Not that the working-classes alone fall into these delusions. Unfortunately they are countenanced, and have been in part misled, by those above them. In Parliament and out of Parliament, well-meaning men among the upper and middle ranks, have been active apostles of these false doctrines. There has ever been, and continues to be, much law-making based on the assumption, that it is the duty of the State, not simply to insure each citizen fair play in the battle of life, but to help him in fighting the battle of life: having previously taken money from his, or some one else's, pocket to pay the cost of doing this. And we cannot glance over the papers without seeing how active are the agitations carried on out of doors in furtherance of this policy; and how they threaten to become daily more active. The doings of the Chadwick-school furnish one set of illustrations. From those of the Shaftesbury-school other illustrations may be gathered. And in the transactions of the body, absurdly self-entitled “The National Association for the Promotion of Social Science,” we find still more numerous developments of this mischievous error.
When we say that the working-classes, and more especially the artizan-classes, have strong leanings towards these Utopianisms which they have unhappily been encouraged to entertain by many who should have known better, we do not speak at random.
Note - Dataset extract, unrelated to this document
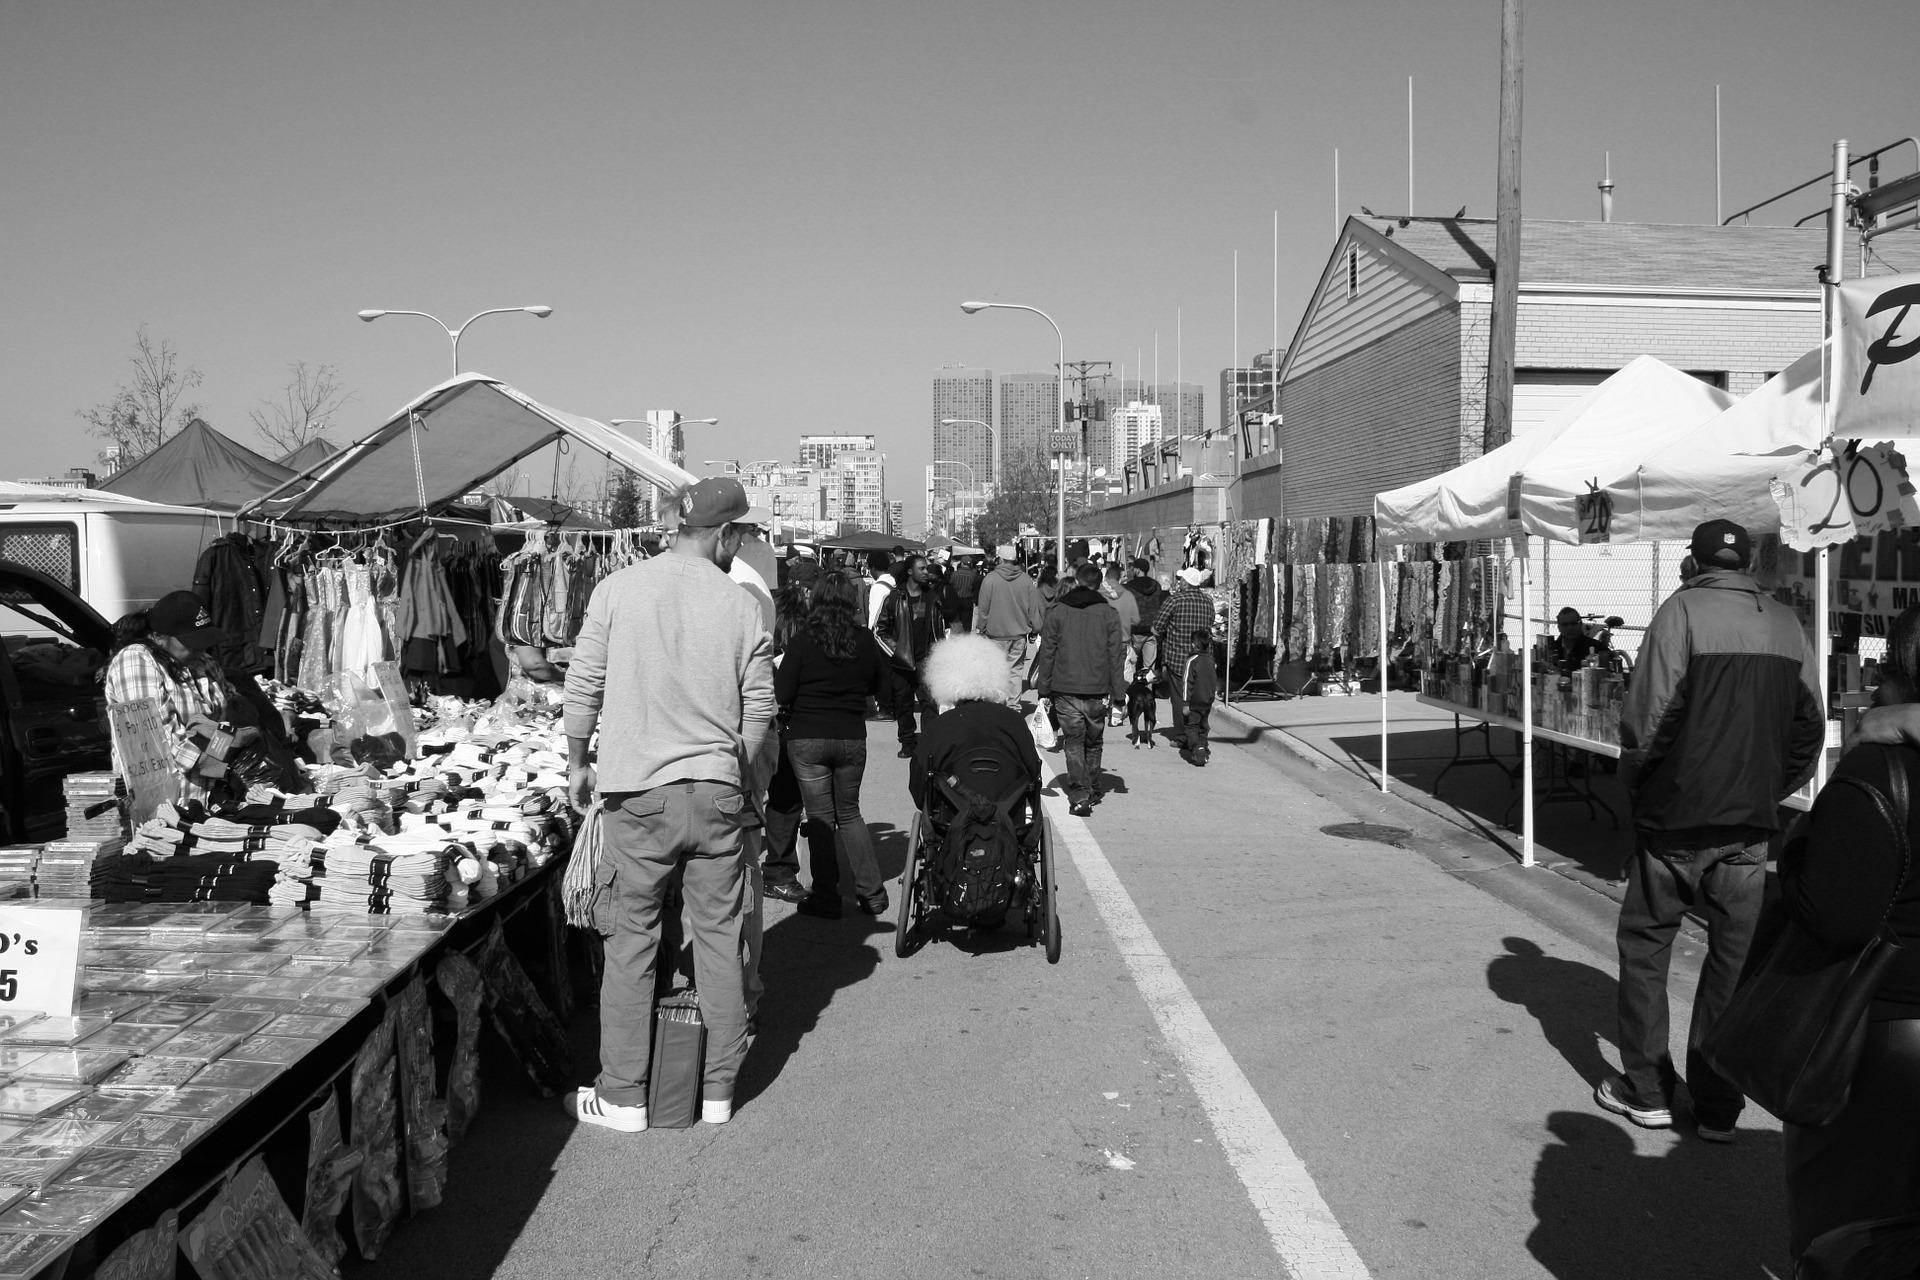 maxwell-street-market-62353_1920.jpg

We are not drawing an a priori inference as to the doctrines likely to find favour with men in their position. Nor are we guided merely by evidence to be gathered from newspapers. We have a basis of definite fact in the proceedings of reformed municipal governments. These bodies have from year to year extended their functions; and so heavy has in some cases become the consequent local taxation, as to have caused a reaction against the political party which was responsible. Town-councils almost exclusively Whig, have of late been made comparatively Conservative, by the efforts of those richer classes who suffer most from municipal extravagance. With whom, then, has this extravagance been popular? With the poorer members of the constituencies. Candidates for town-councillorships have found no better means of obtaining the suffrages of the mass, than the advocacy of this or the other local undertaking. To build baths and wash-houses at the expense of the town, has proved a popular proposal. The support of public gardens out of funds raised by local rates, has been applauded by the majority. So, too, with the establishment of free libraries, which has, of course, met with encouragement from working-men, and from those who wish to find favour with them. Should some one, taking a hint from the cheap concerts now common in our manufacturing towns, propose to supply music at the public cost, we doubt not he would be hailed as a friend of the people. And similarly with countless socialistic schemes, of which, when once commenced, there is no end.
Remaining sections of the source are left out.